Scott Marlowe wrote:
> Douglas Alan wrote:
>> Okay -- no problem:
>>
>> set enable_seqscan = on;
>> explain analyze select * from maindb_astobject
>> where survey_id = 2
>> limit 1000;
>>
>> "Limit (cost=0.00..48.03 rows=1000 width=78) (actual
>> time=84837.835..265938.258 rows=1000 loops=1)"
>> " -> Seq Scan on maindb_astobject (cost=0.00..3538556.10
>> rows=73675167 width=78) (actual time=84837.825..265932.121 rows=1000
>> loops=1)"
>> " Filter: (survey_id = 2)"
>> "Total runtime: 265942.416 ms"
>>
>> set enable_seqscan = off;
>> explain analyze select * from maindb_astobject
>> where survey_id = 2
>> limit 1000;
>>
>> "Limit (cost=0.00..67.37 rows=1000 width=78) (actual
>> time=172.248..225.219 rows=1000 loops=1)"

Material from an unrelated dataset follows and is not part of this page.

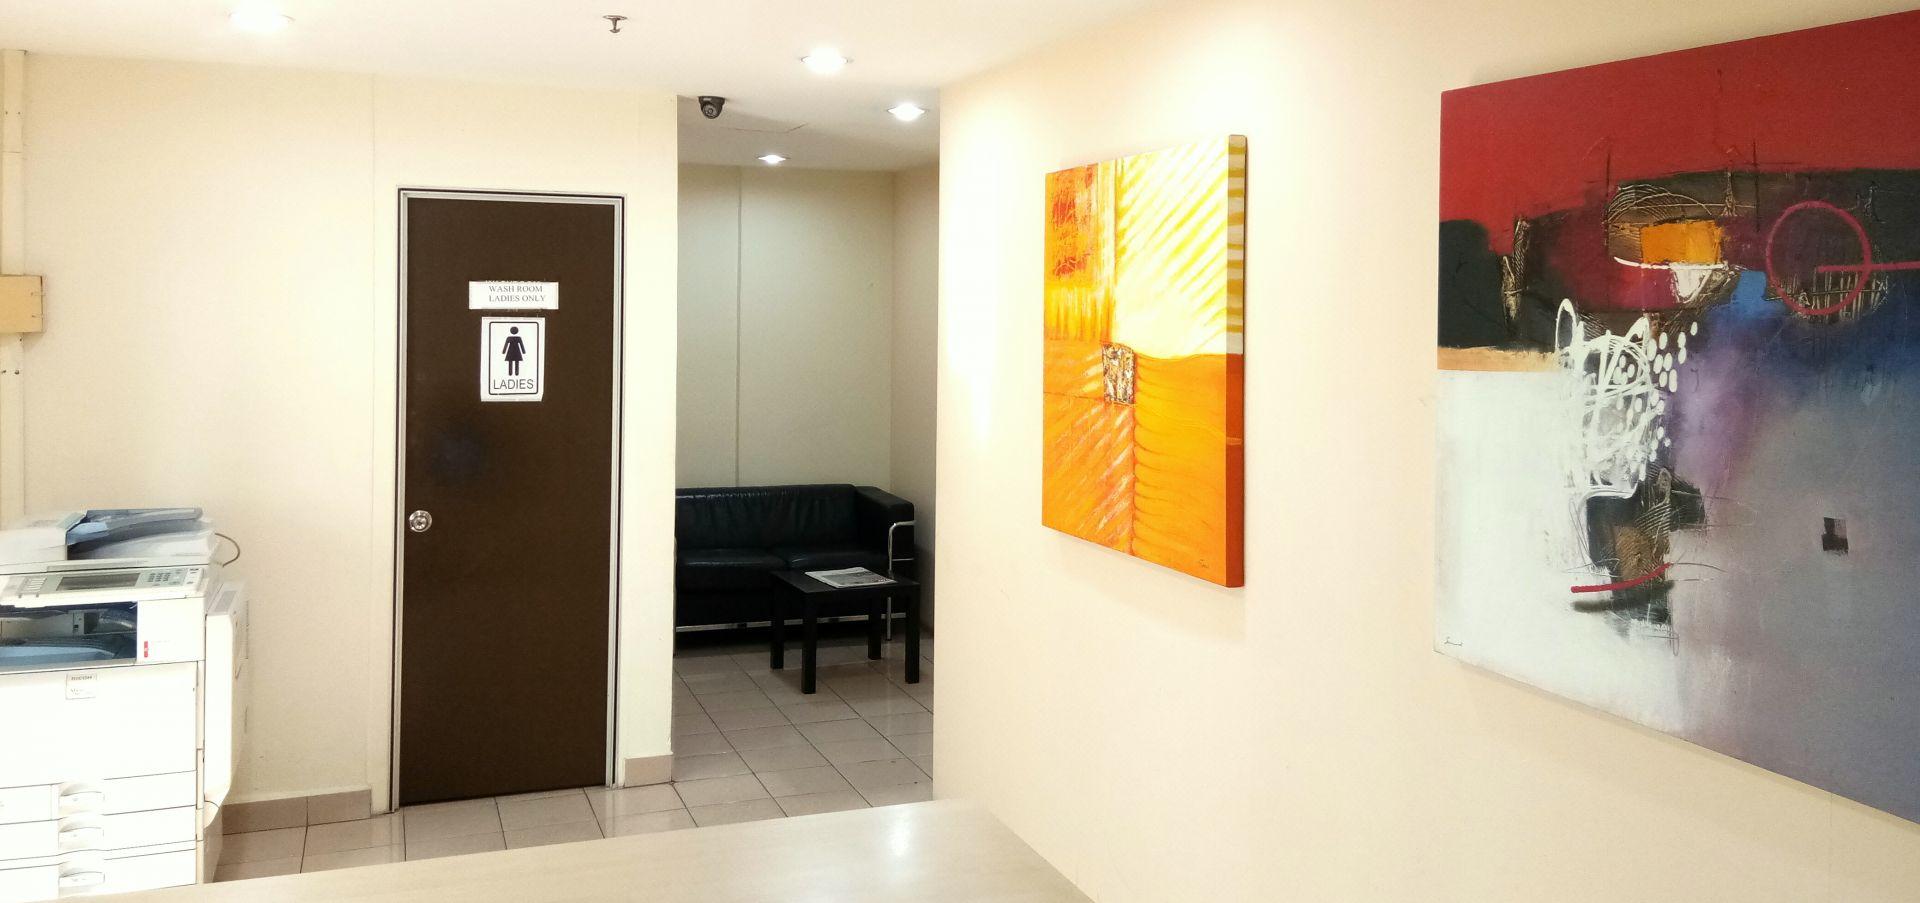 Avenue Business Centre Sunway Mentari, Petaling Jaya

>> " -> Index Scan using maindb_astobject_survey_id on
>> maindb_astobject (cost=0.00..4963500.87 rows=73675167 width=78)
>> (actual time=172.240..221.078 rows=1000 loops=1)"
>> " Index Cond: (survey_id = 2)"
>> "Total runtime: 227.412 ms"
> What was the random_page_cost during these two queries?
4
> Assuming seq_page_cost is 1,
Yes, it is.
> and random_page_cost was 4 or something, lowering it should
> force the move to an index scan.
I just tried changing random_page_cost to 1, but the query still
does a seq scan.
> If you were already at 1.0 or so, then yeah, the cost
> estimation is off. Since index scans cost CPU (at least I
> think they do), you might try lowering your cpu_* costs to see
> if that helps
How would lowering random_page_cost and all the cpu costs differ
from just increasing seq_page cost?
I have to raise seq_page_cost from 1 to 34 to force an index
scan. I can't imagine that changing this value so radically be a
good idea.
Alternatively, if I set random_page_cost to 1, and
cpu_tuple_cost, cpu_index_tuple_cost, and cpu_operator_cost all
to 0, this still doesn't cause Postgres to do an index scan for
this query.
>> P.S. Here are the stats on the column. It appears that my recollection
>> of 25% of the table matching was a bit off. It's actually 98.5%! That
>> might explain more why Postgres wants to do a sequential scan. The
>> problem is that still means that it has to scan a million rows
>> sequentially before it finds a single matching row, as the matching
>> rows are at the end of the database:
> Yeah, that's a really skewed distribution. Partitioning may work out,
> especially if you often select on that one field.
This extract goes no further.